Well before they get to the point where they are reading this poem, let them love my poem by listening to me reciting it a few times, and then reading it themselves, putting lots of expression into their voices and then let them RECITE the poem, or part of it, throwing their voices clearly across the classroom and making sure that everyone can hear every word clearly.  Many teachers omit this important thing sadly.

1    Give the children things to watch out for: eg in the poem 'I'll Walk Along This Beach Again,' get them to write down some of the words which speak about the beach, eg - beach, shore, golden sand, wavelets, rocks. Check that they have written these words.

2   Tell them how poets sometimes 'personify' a poem with words connected with human movements or human actions, eg - The wavelets 'dance' across the sand.  Listen carefully for others.  See if they hear the word 'caress'.  Perhaps this needs explaining.  Also 'teasing wavelets'.  I say this because, in a playful way, the wavelets creep in to touch your toes and then they just as quickly run away again in a playful manner.  There is one other word that personifies their movement in a fun way:  dancing.
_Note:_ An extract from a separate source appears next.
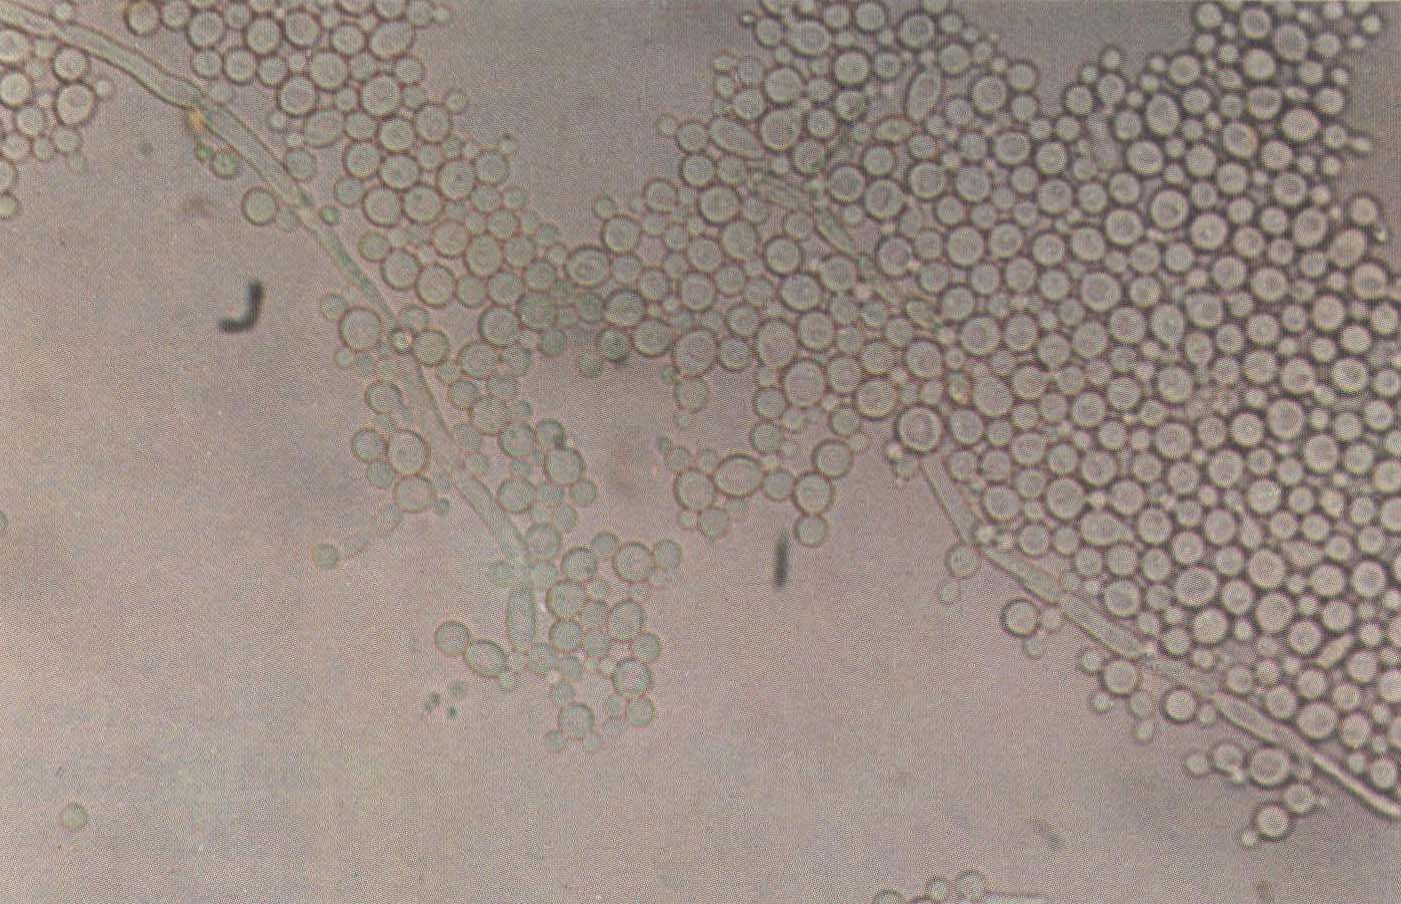 白色念珠菌孢子图片
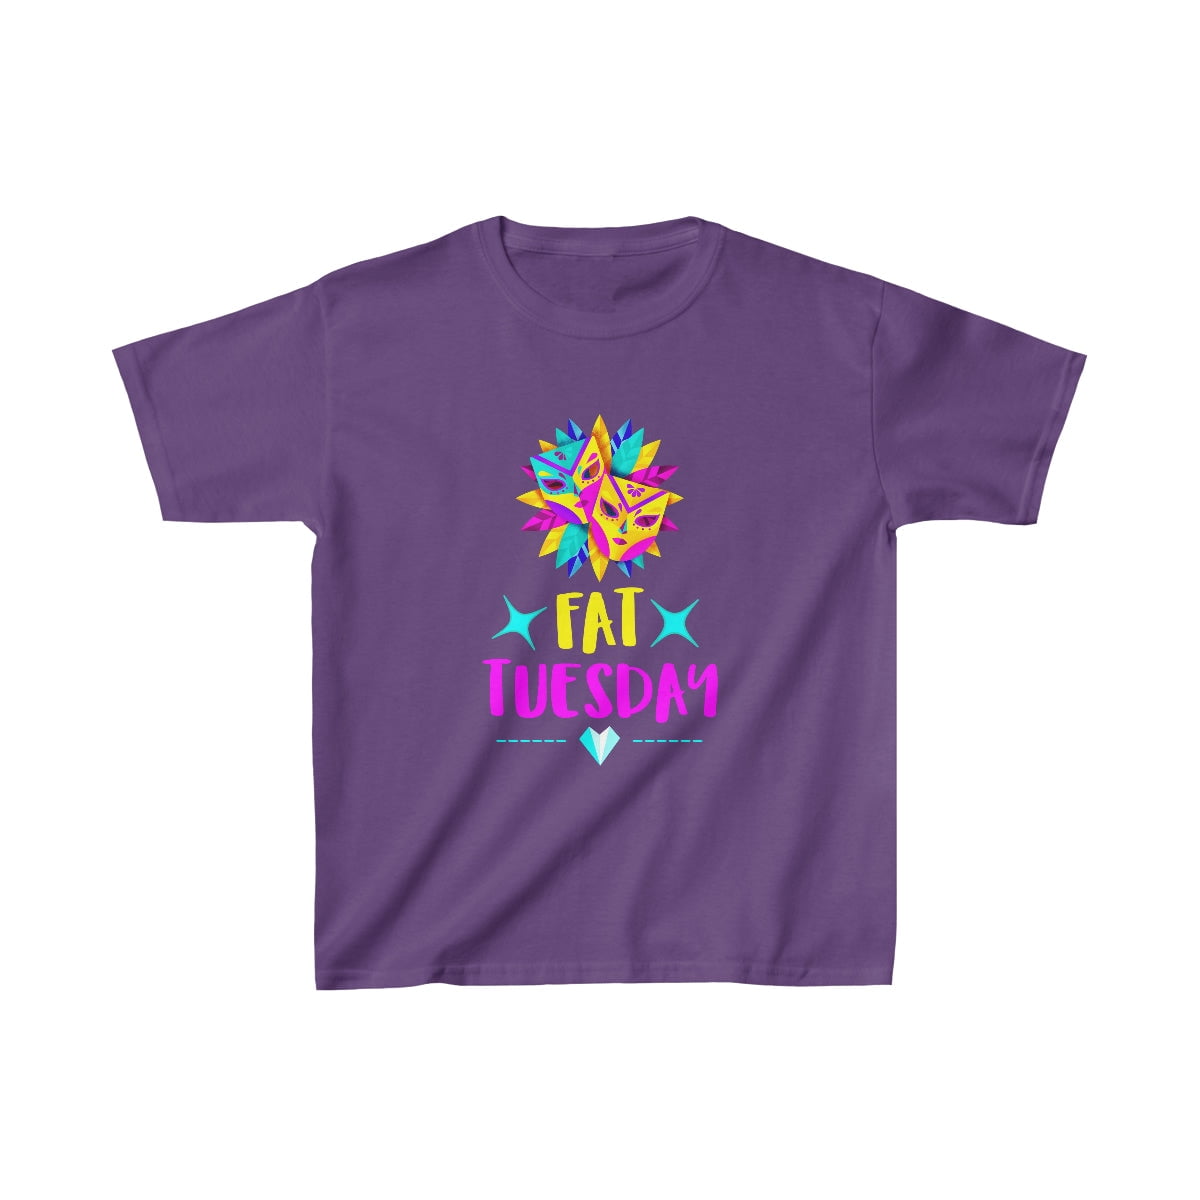 Mardi Gras Shirt, fleur de lis Shirt, Fat Tuesday Shirt,Flower de luce Shirt ,Louisiana Shirt,New Orleans Shirt,Womens Mardi Gras Shirt Kids T-Shirt  for Sale by DeepikaSingh

3   Listen for the name of the bird in the third verse.  What is he doing?  Explain what the word 'scout' means.

4   Three words which describe movement of the feet: walk, scuff the feet; clamber (over rocks).

5   Some things which the writer feels or tastes: the salty air; the breeze upon the cheek; the sand beneath the feet; the hard rocks.  Things which she sees: the cormorants; sea treasures; sea anenomes; limpets; the waves/wavelets; golden sand; trails of footprints etc.

6     You can ask them to talk about the difference between walking over sand compared to walking over pebbles.  What can you do with sand according to the poet?  (Scuff the feet, make footprints, watch the sea go into the footprints etc).

7    Read the poem to them again, stopping at the rhyming words to give them the chance to think of them.  Then ask one person to supply the word.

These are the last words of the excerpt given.